I wrote a blogpost a few months ago about this and other issues. (https://solitaired.com/why-we-switched-from-wordpress-to-nod...)

Maybe I'm doing it wrong? ¯\_(ツ)_/¯


A Full Page Cache is the way to go, you're going to run into far fewer edge cases and cache bugs. For something simple like a blog, you shouldn't be hitting PHP at all once the cache is warmed, let alone caching queries and snippets and whatnot, bugs waiting to happen.

The strategy is the same even for complex sites, full page cache at the server daemon for almost every page hit unless a user is doing an action that isn't "View this page".

Obviously I'm glossing over cache busting strategies and how you handle dynamic actions like add to carts, sessions etc, but they're all far more simple than rolling your own application level caching strategy.

You will get so much more out of your hosting if using an FPC, which gives you way more headroom for the requests that do need to spin up the application.


When I self-hosted Wordpress sites, we put Varnish on the same server and ran traffic through there. Varnish has a reporting feature that lets you track the hit ratio in near real-time, so we could change a cache setting and see its effect on the ratio pretty quickly. We could purge the cache in whole or in part with the CLI.

We picked whatever the most popular cache plugin was at the time and turned on the default settings, then went from there. Honestly, the difference between any caching strategy and no caching strategy can be huge, especially when you get a surge of traffic.

We put staging behind the cache too, but not local or dev. Staging was just to test that a caching configuration change would not take the site down. A bunch of the tuning was actually done on production and back-ported to staging.

I think a hidden factor here is what people know. If a person/team knows node.js really well and doesn't know Varnish, then of course it's going to seem easier to move to node. That seems pretty common to me; it's more like web development, whereas caching/Varnish seems more on the sysadmin side of things. My team had to learn it, which took a little while.

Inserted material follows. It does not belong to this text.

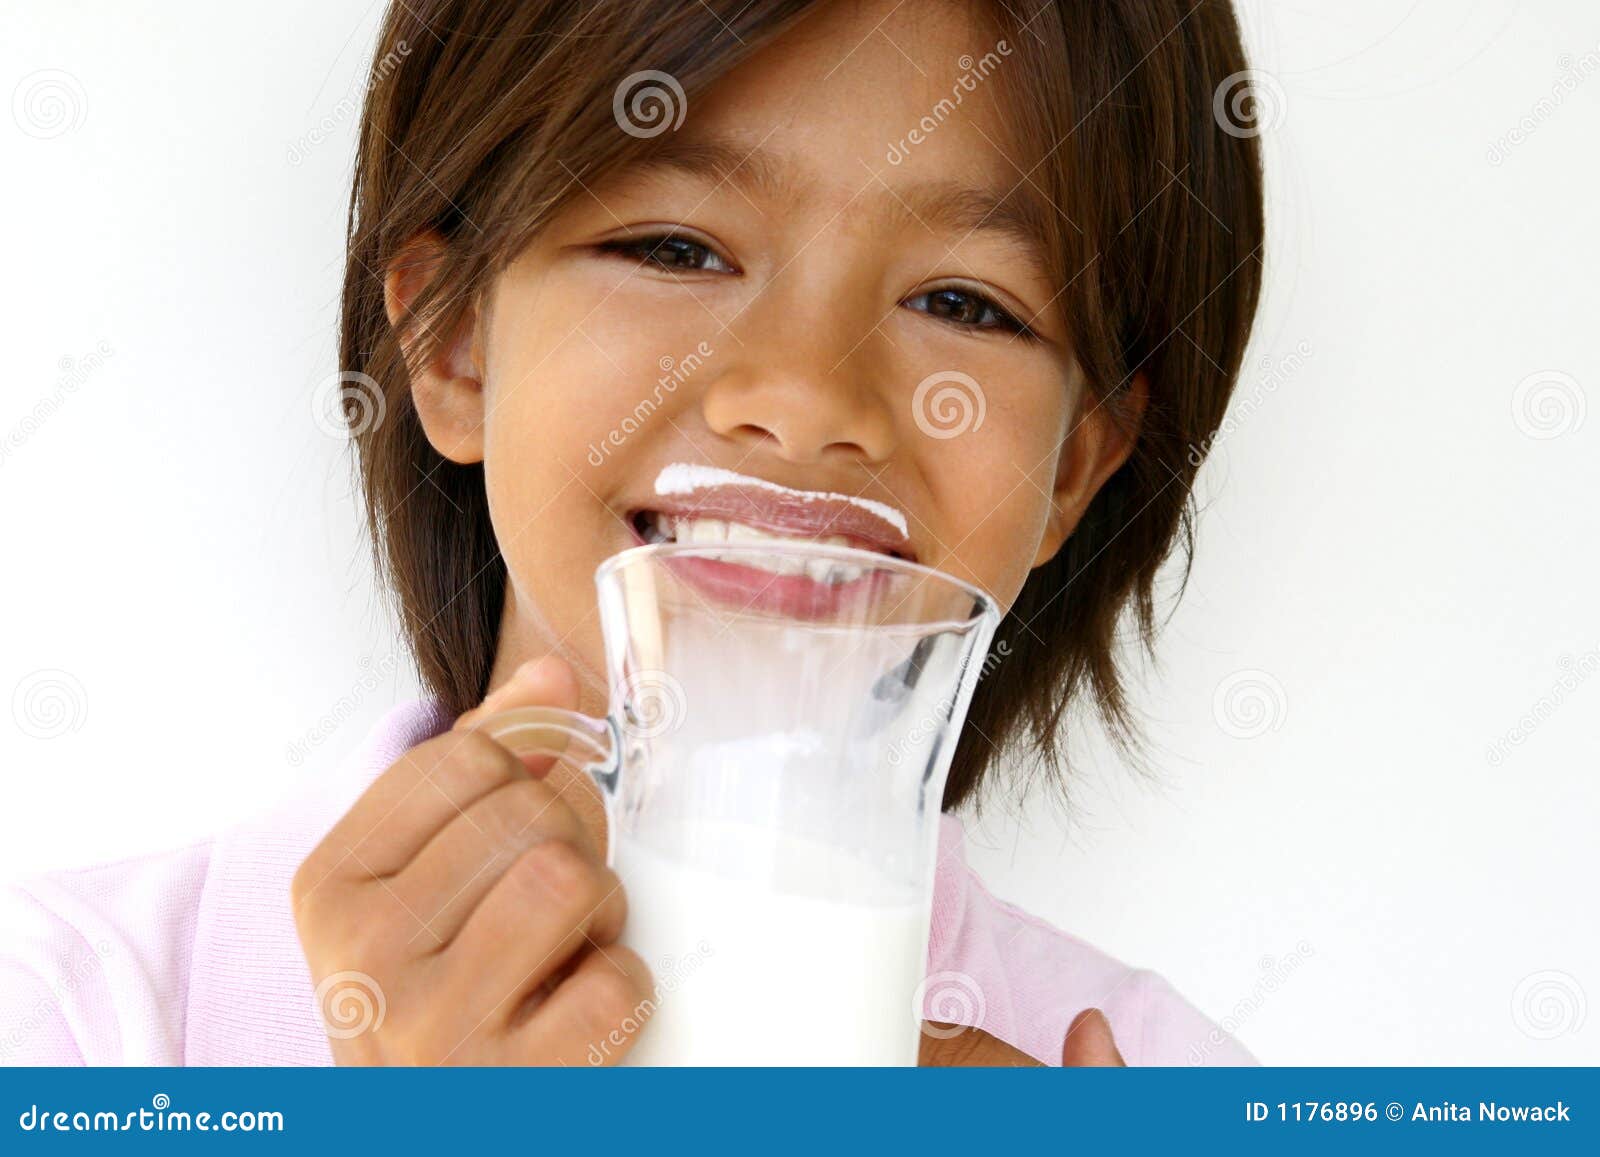 girl with milk moustache

But in my experience, well-tuned caching in front of WP can scale really well for content that changes rarely like blog posts or articles.

Today we pay WP Engine take care of it all for us and it's money well-spent.


Varnish cache is great. Heck, any kind of caching is great. Even a stupidly simple 5 second cache will be sufficient for handling most levels of traffic.


Ah, Varnish - I have heard so many great things. Not sure why I didn't use it this time around. I think I assumed Cloudfront would take care of it.

My biggest learning was that CDN != caching. While it can be used as such, it's not automatically set up that way out of the box.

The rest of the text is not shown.